I also implement cubic spilne interpolation based on algorithm from wiki:
http://en.wikipedia.org/w/index.php?title=Spline_%28mathematics%29&oldid=288288033#Algorithm_for_computing_natural_cubic_splines
x(0) is points.get(0), y(0) is values[points.get(0)], α is alfa and μ is mi Rest is the same as in pseudocode.
public void createSpline(double[] values, ArrayList<Integer> points){
a = new double[points.size()+1];
for (int i=0; i <points.size();i++)
{
a[i] = values[points.get(i)];
}
b = new double[points.size()];
d = new double[points.size()];
h = new double[points.size()];
for (int i=0; i<points.size()-1; i++){
h[i] = points.get(i+1) - points.get(i);
}
alfa = new double[points.size()];
for (int i=1; i <points.size()-1; i++){
alfa[i] = (double)3 / h[i] * (a[i+1] - a[i]) - (double)3 / h[i-1] *(a[i+1] - a[i]);
}
c = new double[points.size()+1];
l = new double[points.size()+1];
mi = new double[points.size()+1];
z = new double[points.size()+1];
l[0] = 1; mi[0] = z[0] = 0;
for (int i =1; i<points.size()-1;i++){
l[i] = 2 * (points.get(i+1) - points.get(i-1)) - h[i-1]*mi[i-1];
mi[i] = h[i]/l[i];
z[i] = (alfa[i] - h[i-1]*z[i-1])/l[i];
}
l[points.size()] = 1;
z[points.size()] = c[points.size()] = 0;
for (int j=points.size()-1; j >0; j--)
{
c[j] = z[j] - mi[j]*c[j-1];
b[j] = (a[j+1]-a[j]) - (h[j] * (c[j+1] + 2*c[j])/(double)3) ;
d[j] = (c[j+1]-c[j])/((double)3*h[j]);
}
for (int i=0; i<points.size()-1;i++){
for (int j = points.get(i); j<points.get(i+1);j++){
// fk[j] = values[points.get(i)];
functionResult[j] = a[i] + b[i] * (j - points.get(i))
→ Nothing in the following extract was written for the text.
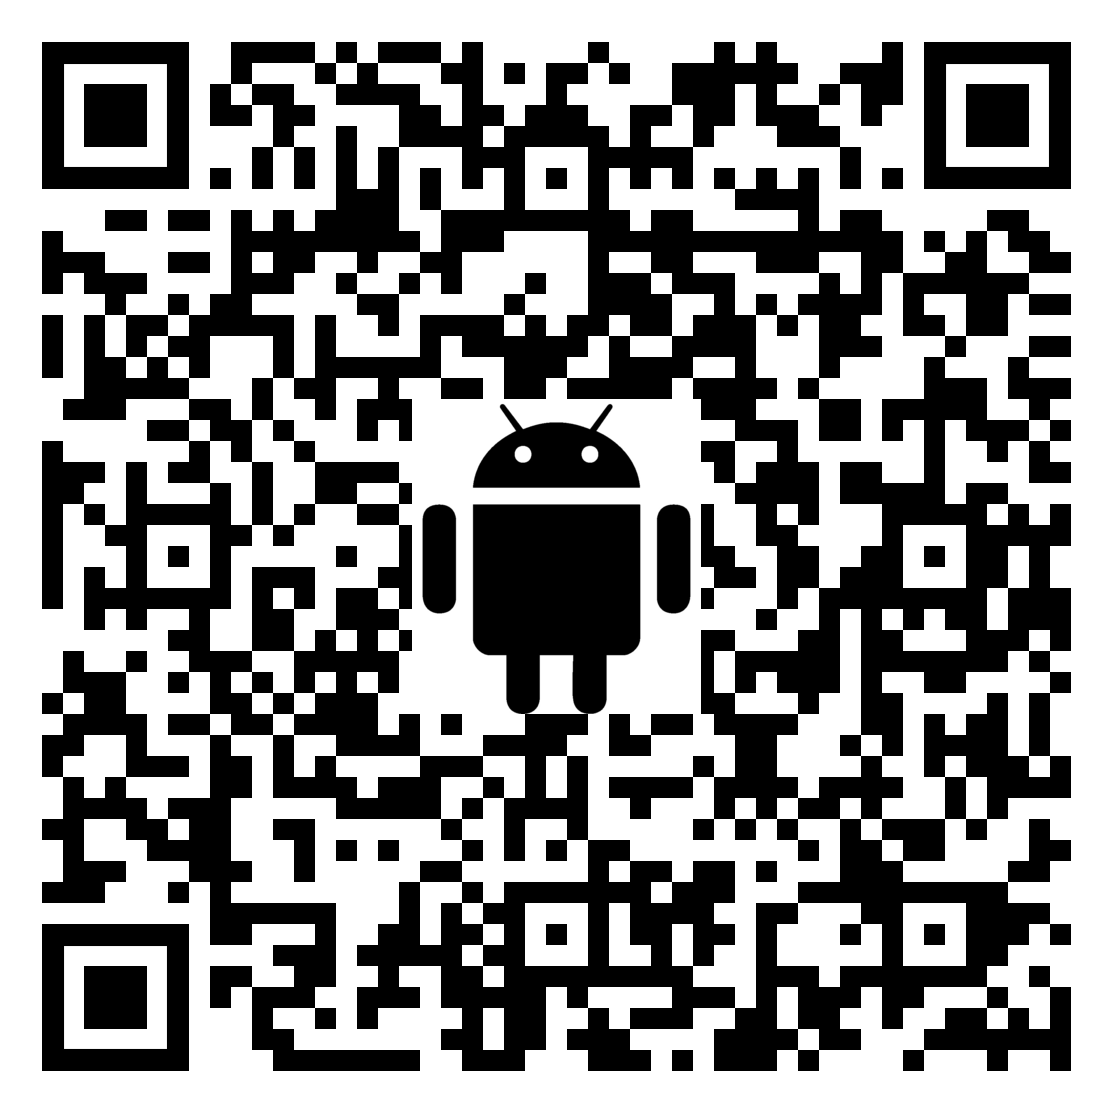 QR code for SKYE View 3 app on Google Play
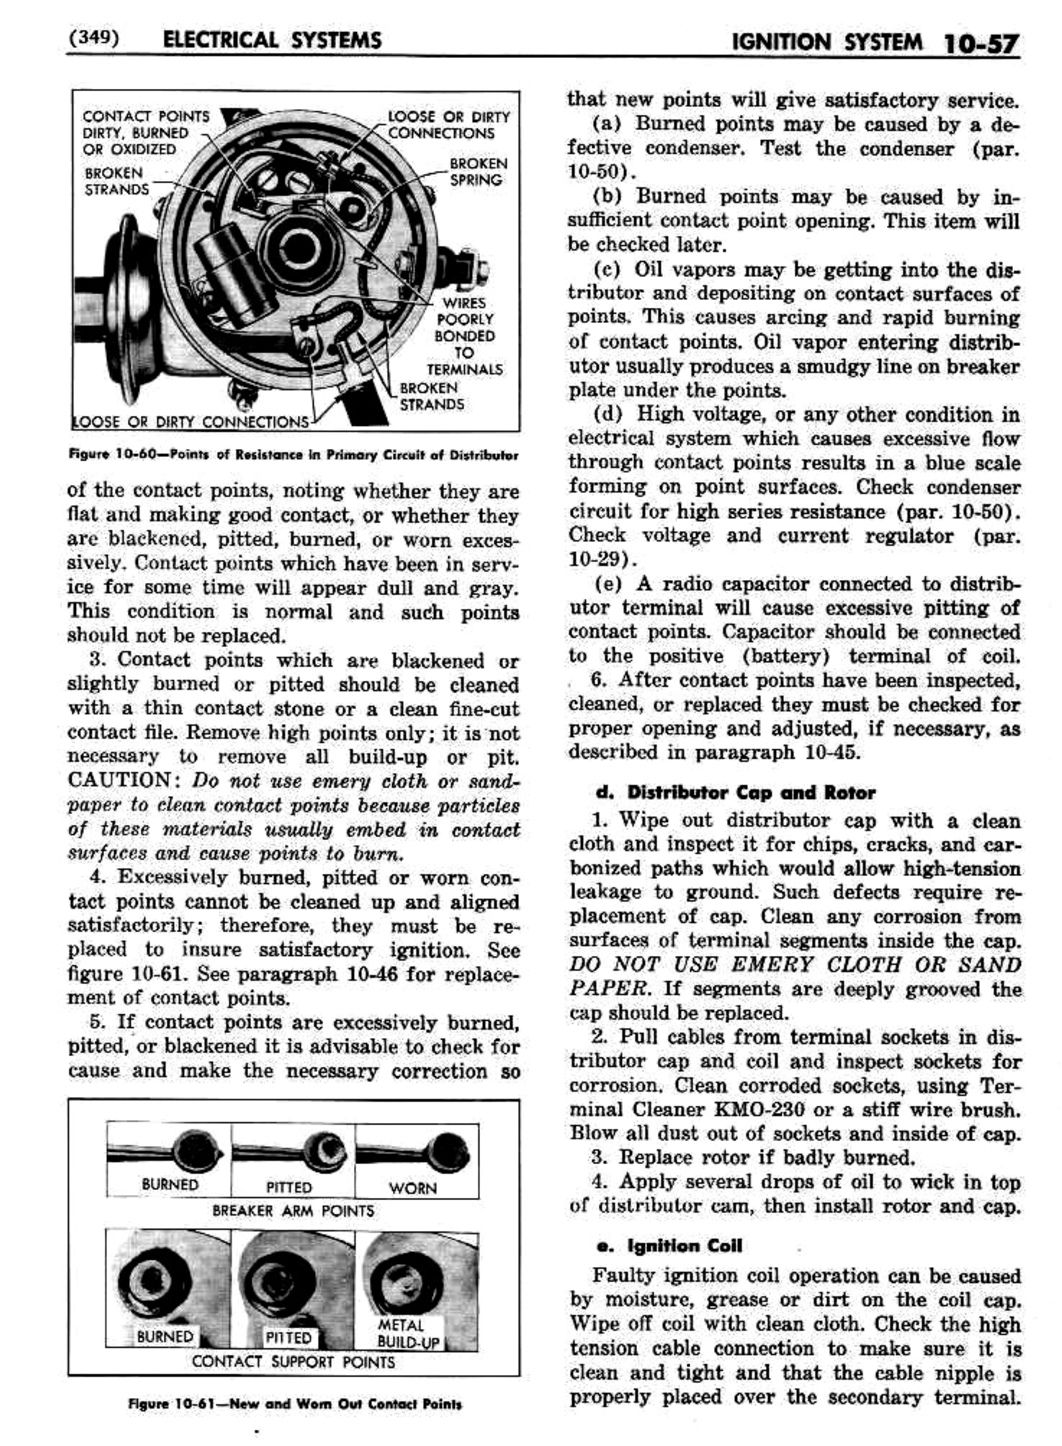 n_11 1951 Buick Shop Manual - Electrical Systems-057-057.jpg

+ c[i] * Math.pow((j - points.get(i)),2)
+ d[i] * Math.pow((j - points.get(i)),3);
}
}
}
but result look like (That's the other part of the signal) :
when is should be similar to this:
Best Answer
According to the paper, which is a much much better reference than the outdated version of the wikipedia article, you got to solve
$$\frac{x_{k}-x_{k-1}}6 a_{k-1}+\frac{x_{k+1}-x_{k-1}}3 a_k + \frac{x_{k+1}-x_k}6 a_{k+1}=\frac{y_{k}-y_{k-1}}{x_{k}-x_{k-1}}-\frac{y_{k+1}-y_k}{x_{k+1}-x_k}$$
for $k=1,...,N-1$ and set $a_0=0=a_N$. To this end, you can implement the Jacobi or Gauss-Seidel method for linear systems.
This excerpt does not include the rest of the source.